Довольный Туманов резво ковыляет на сцену, получает статуэтку в форме золотого микрофона, обнимает победительницу, которая едва достаёт ему до плеча.
– Я очень рад, что Галина Леонидовна победила! И счастлив получить эту награду! – торжественно выдаёт он.
– И мы рады, Всеволод Алексеевич. Только вы в статуэтку говорите, – ехидно замечает ведущий.
Туманов и правда держит статуэтку как настоящий микрофон, у рта. Чисто машинально. Сашка знает, что он и в стакан может говорить, и в бутылку с шампунем. У него уже рефлекс за столько лет выработан.
– А как же… – на секунду теряется Туманов.
– У вас радиомикрофон, – напоминает ведущий.
Зрители смеются. Не зло, скорее, умиляются. Все рады, что бабулечка победила, что Туманову статуэтка досталась. Такой классический финал, какой и должен быть у шоу с меткой «шестьдесят плюс». Но Сашка провожает ведущего очень недобрым взглядом. Потому что видела, как смутилось сокровище.
Финальная песня, аплодисменты, цветы, занавес. Съёмка окончена, всем спасибо. Сашка тут же срывается к Туманову. С ним всё в порядке, он пока ещё даже бодрячком, улыбается, жмёт руки своей команде, желает всем творческих успехов и потихоньку отступает к выходу. Потому что зрители уже сошли со своих мест и стремятся к нему и другим артистам.
– Всеволод Алексеевич, можно с вами сфотографироваться? – звучит откуда-то сбоку.
– Простите, ребята, очень спешу на следующие съёмки! – машет он рукой и, приобнимая Сашку на ходу, скрывается в проходе.

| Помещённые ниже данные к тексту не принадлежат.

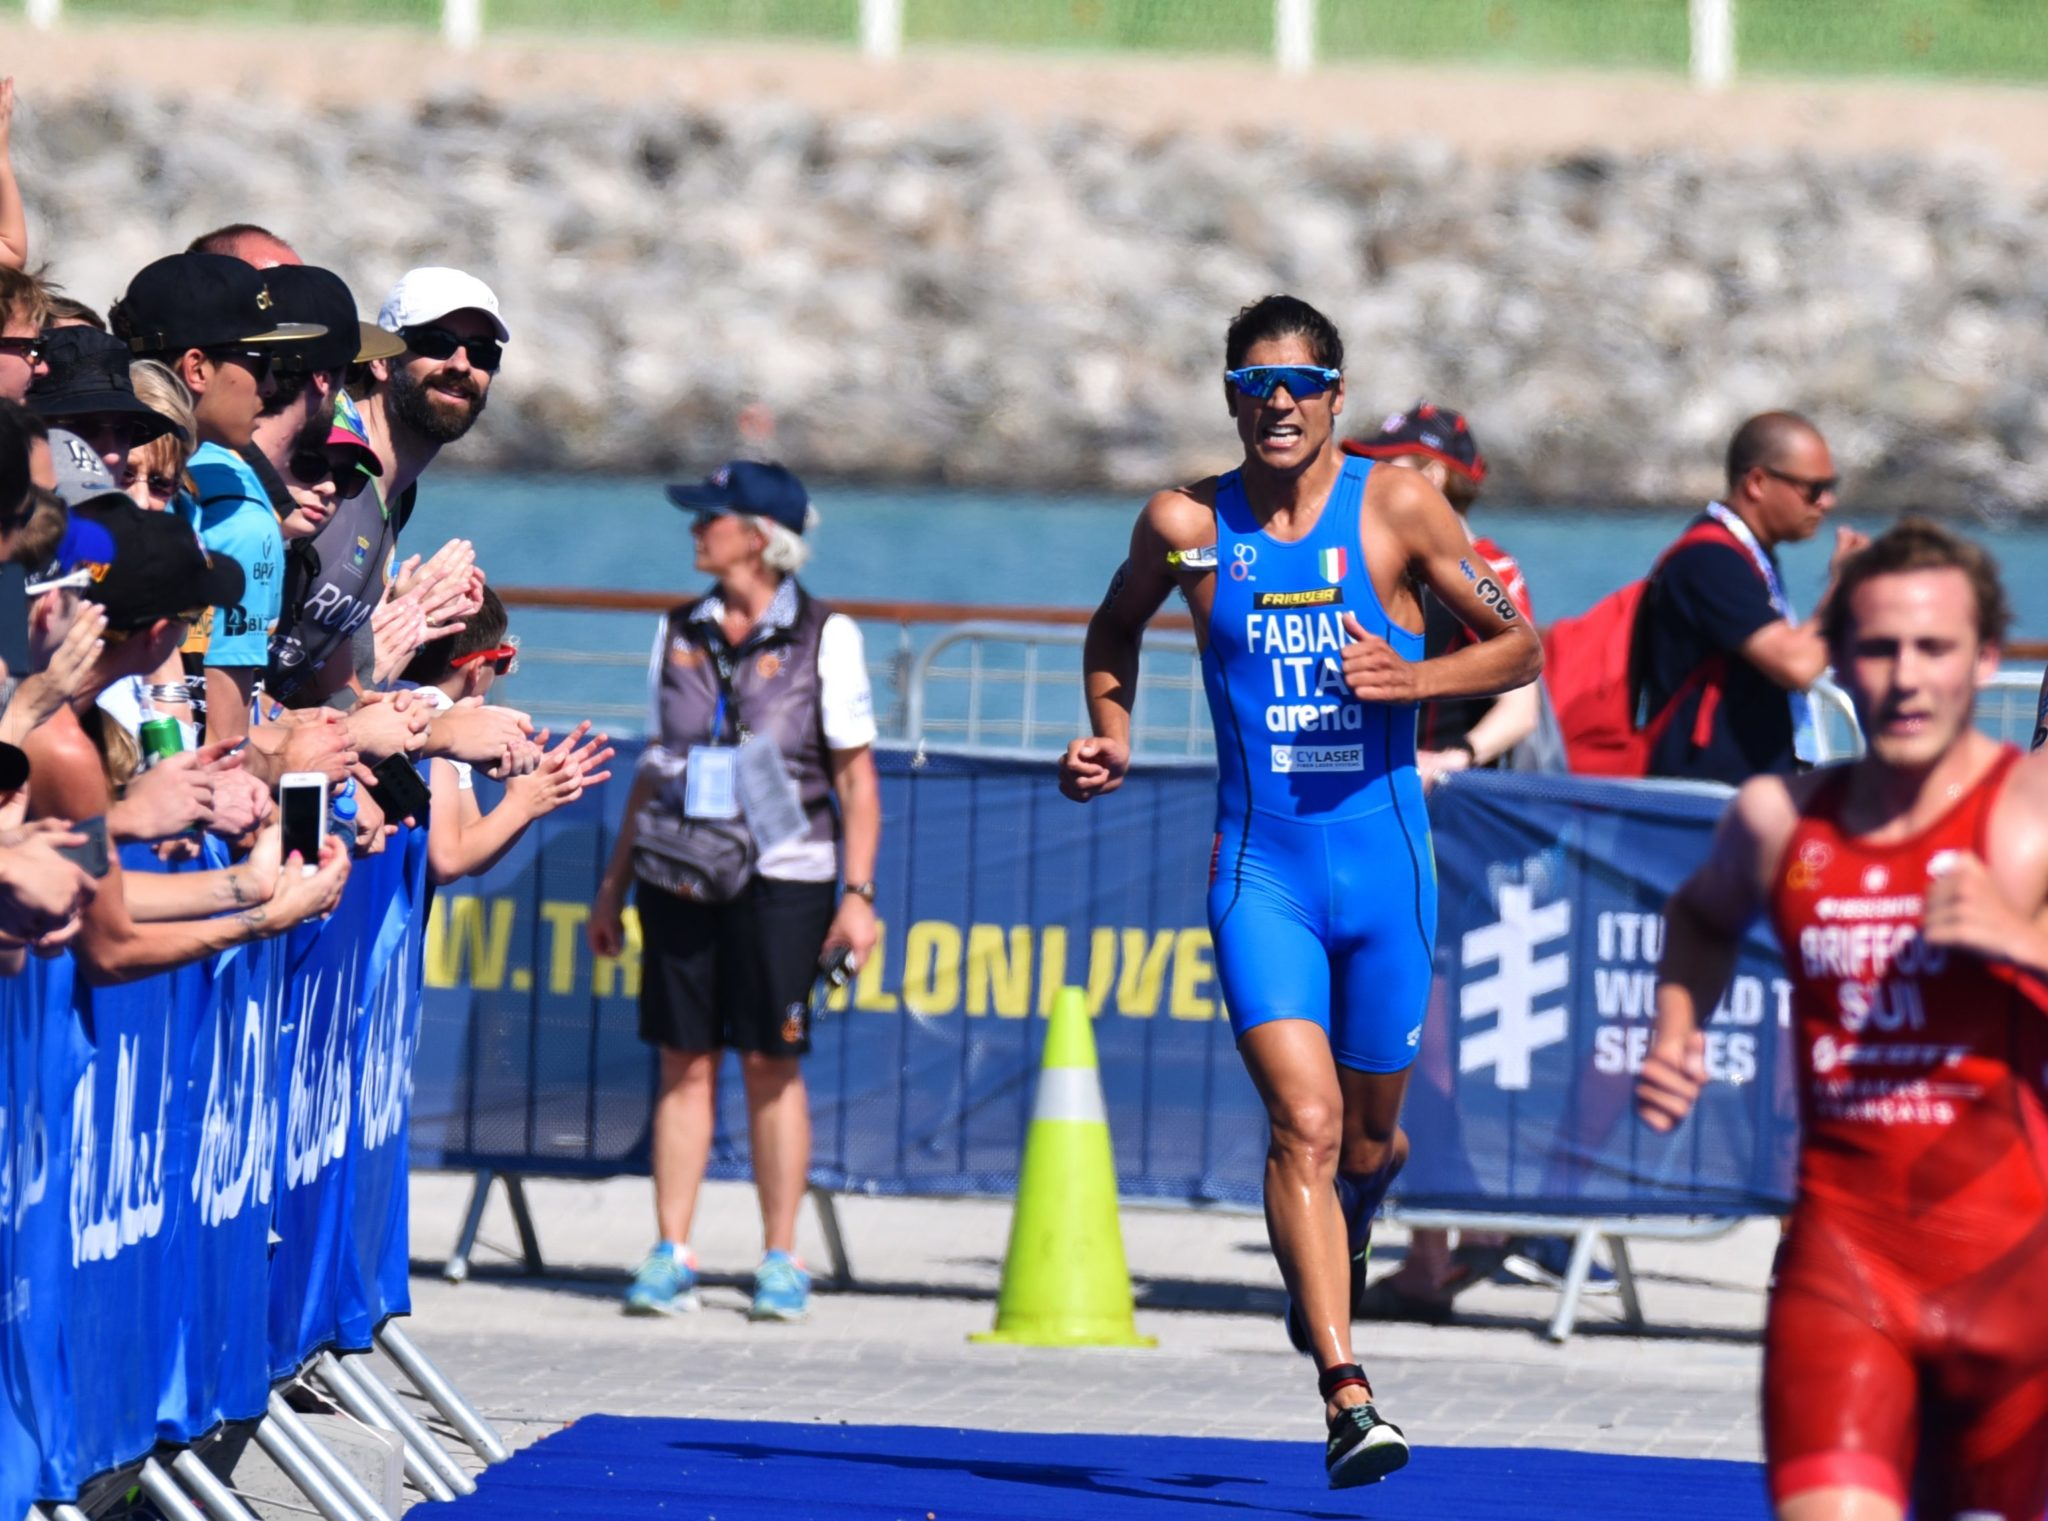 Tokyo 2020 - Alessandro Fabian verso la terza Olimpiade ...

Через минуту они уже в гримёрке, и Туманов закрывает за собой дверь на щеколду. Сашка даже забыла, что он может так быстро ходить.
– А до машины как доберёмся? – уточняет Сашка.
– Да сейчас модераторы зрителей выгонят на улицу, и мы спокойно выйдем. Как раз есть десять минут переодеться и водички выпить.
– А какие у вас могут быть следующие съёмки в половине двенадцатого ночи?
– Саша, не придирайся.
Он всё-таки устал. Пытается расстегнуть бабочку, а пальцы не слушаются. Сашка подходит, помогает.
– И что дальше будет с участниками шоу?
Смотрит на неё удивлённо через зеркало гримировального столика.
– А что с ними должно быть? Разъедутся по домам. Петь в своих сельских клубах и на городских праздниках. Может быть, местные газеты про них напишут.
– И всё?
– А ты думала, телеканал возьмёт их в ротацию и будет снимать в «Голубом огоньке» и финале «Песни года»?
– Ну… Если звёзды зажигают, то это кому-нибудь нужно. А звёзды зажгли…
Туманов фыркает.
– Я тебя умоляю, Сашенька. Молодые-то никому не нужны, а этот пенсионный фонд…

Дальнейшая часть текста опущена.